- [Problem to work on]: Set down the data again exactly. Pictures are not part of the copy.

- [Dataset extract]:
○ ○ ○
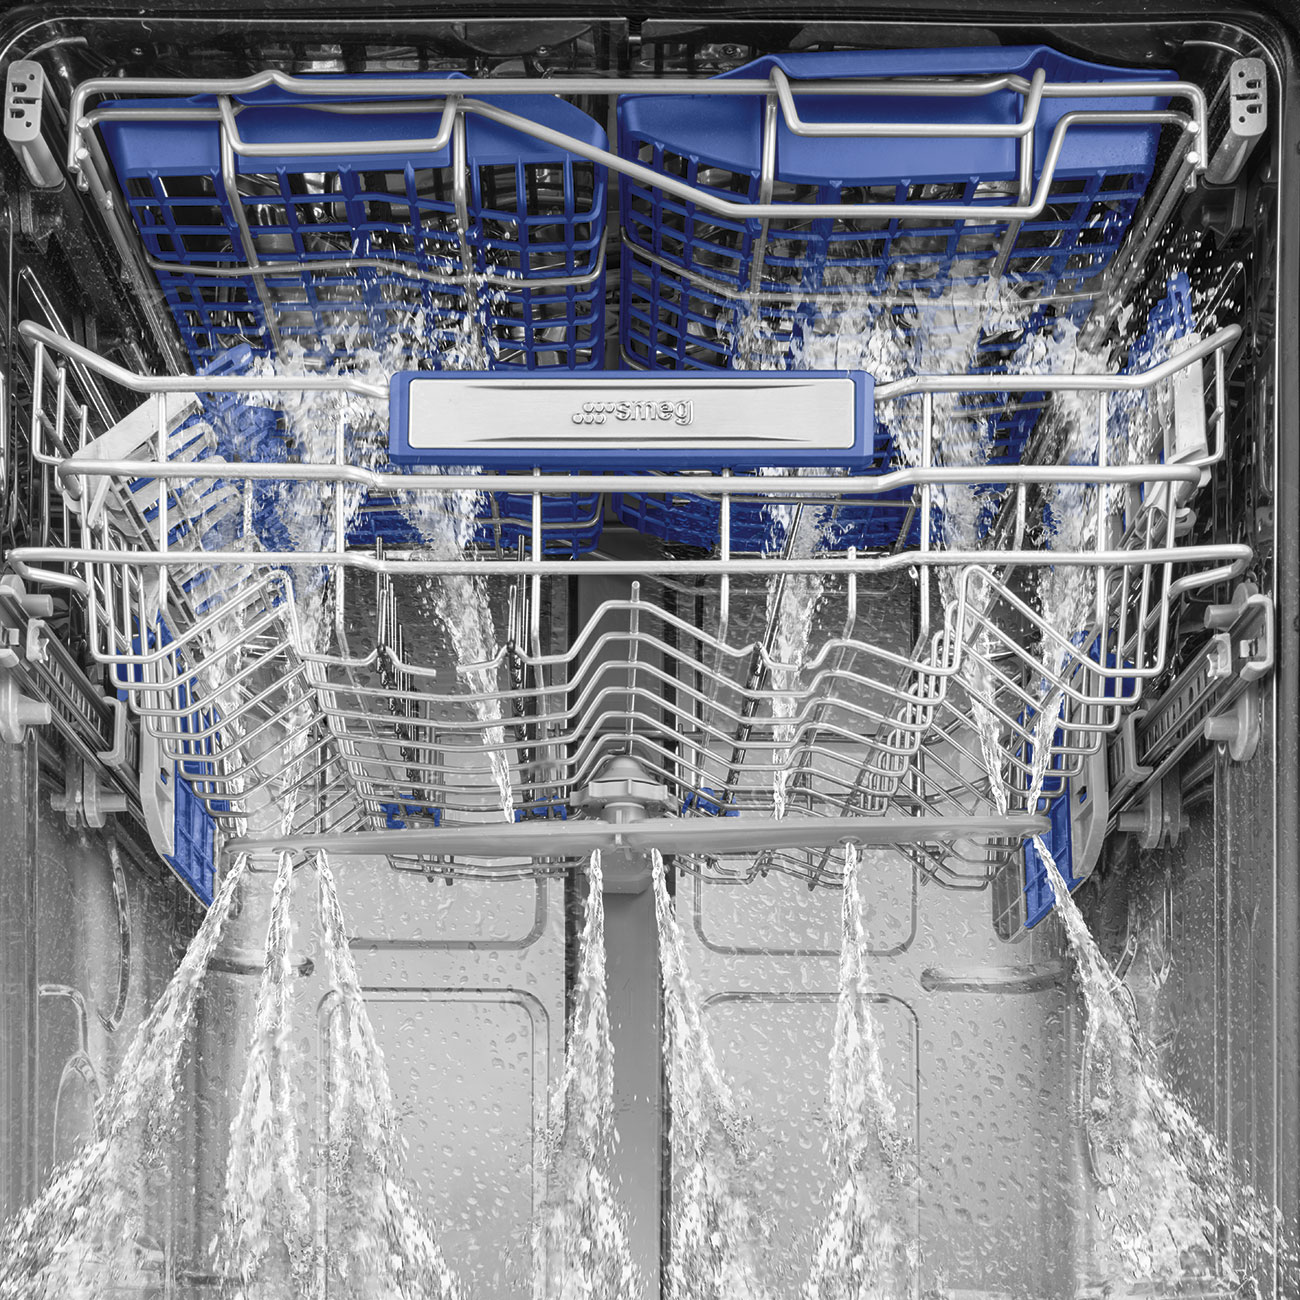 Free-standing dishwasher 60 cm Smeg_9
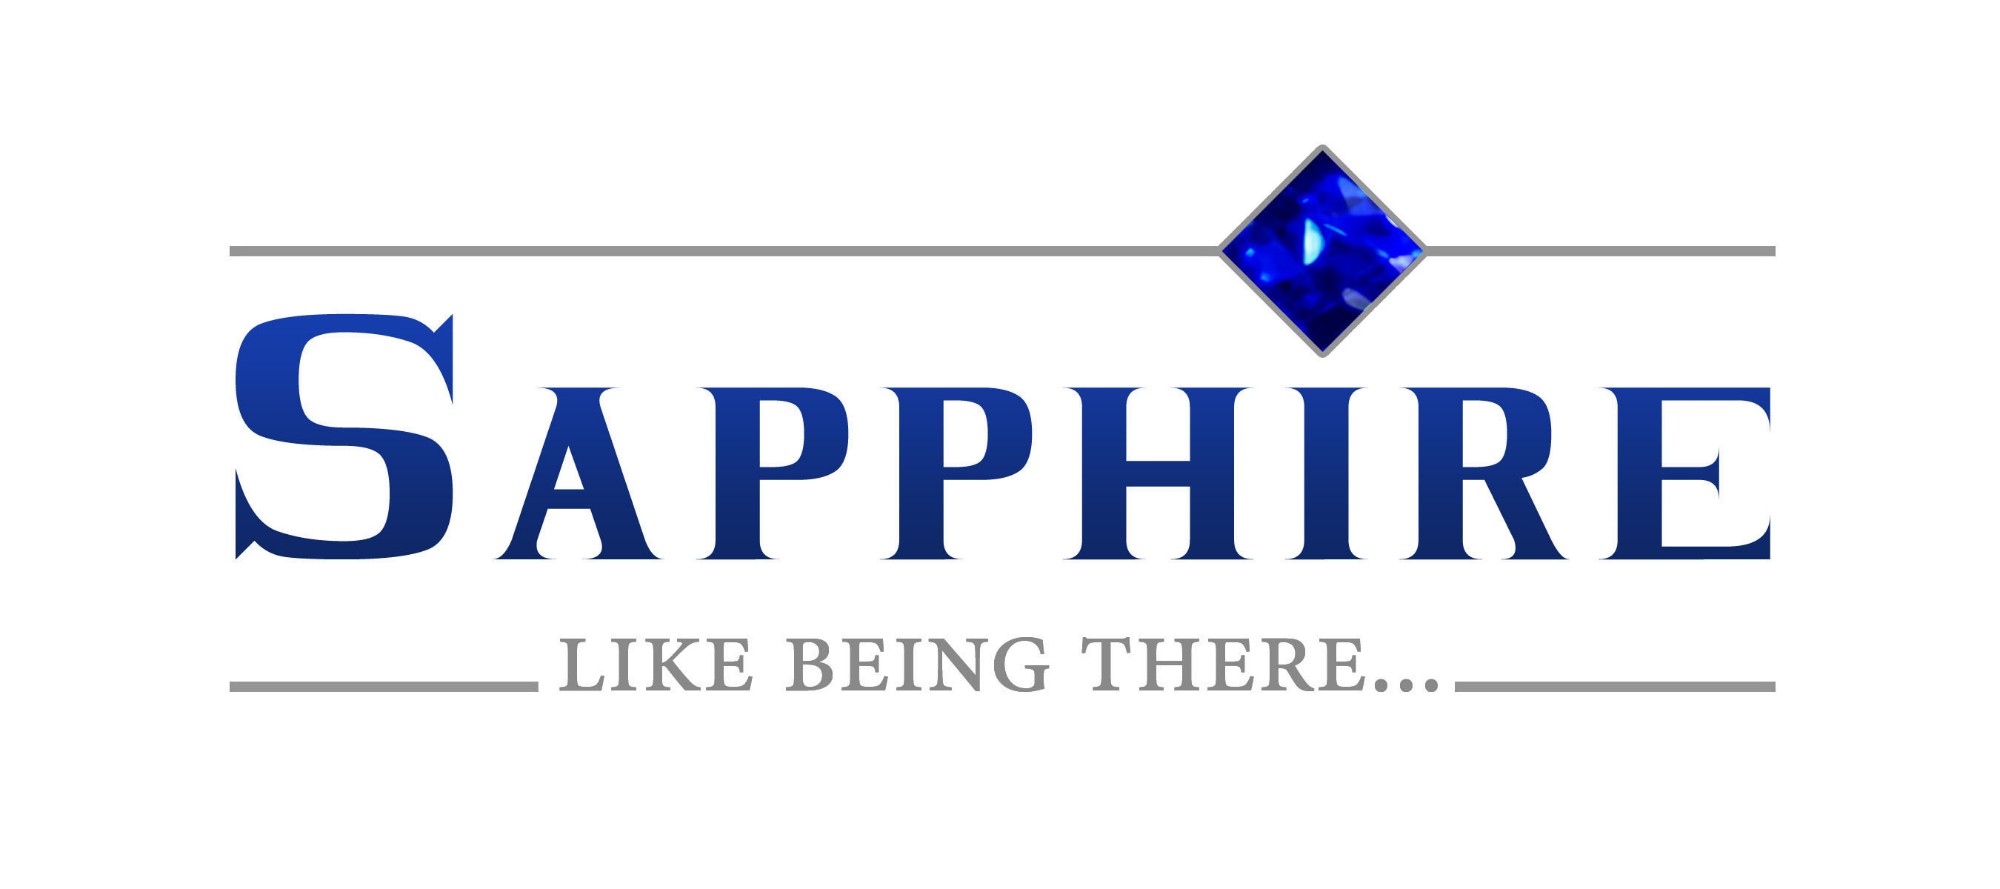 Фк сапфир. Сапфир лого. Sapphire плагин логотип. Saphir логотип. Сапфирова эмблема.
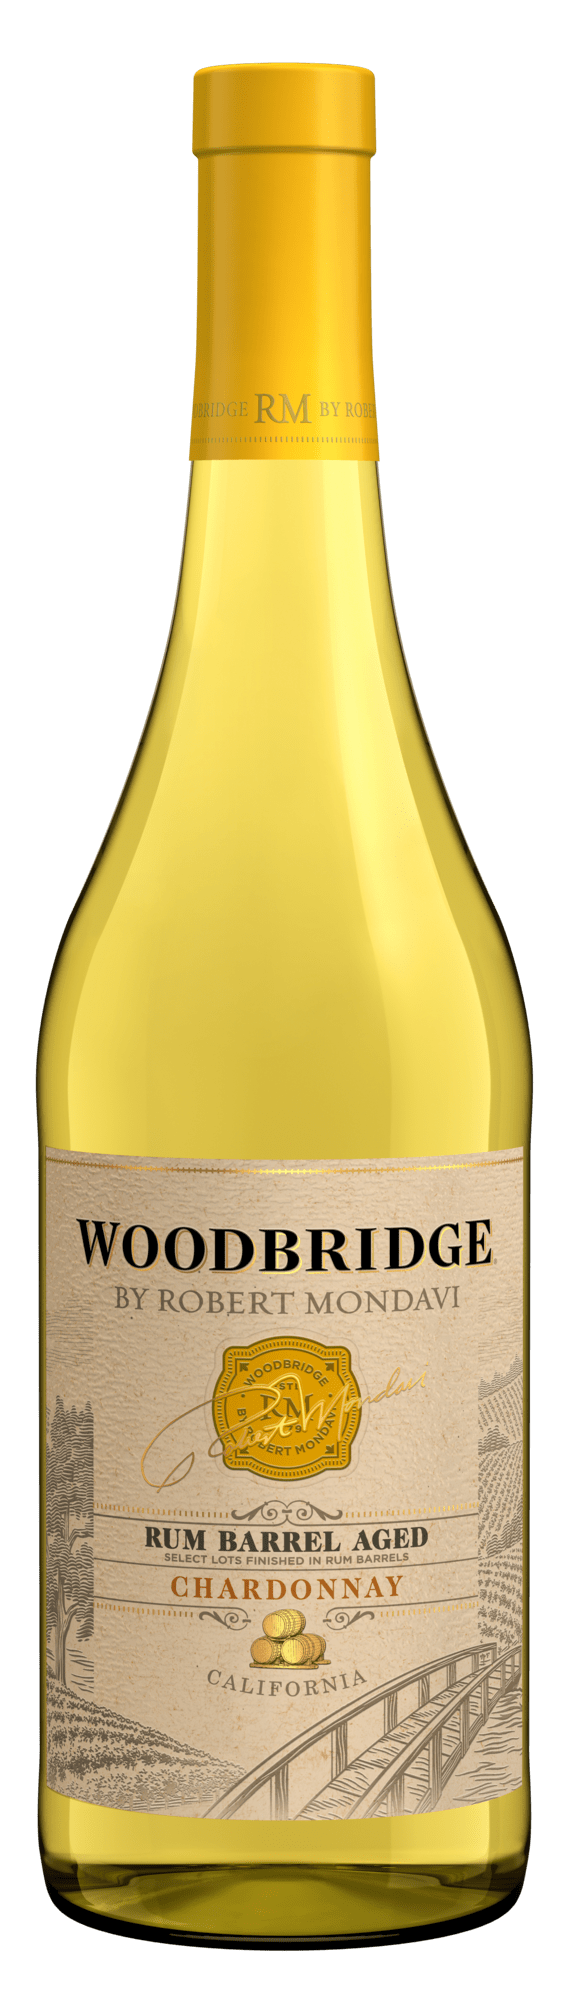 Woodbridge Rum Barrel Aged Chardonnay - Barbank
○ ○ ○
- [Finished task]:
 Free-standing dishwasher 60 cm Smeg_9
 Фк сапфир. Сапфир лого. Sapphire плагин логотип. Saphir логотип. Сапфирова эмблема.
 Woodbridge Rum Barrel Aged Chardonnay - Barbank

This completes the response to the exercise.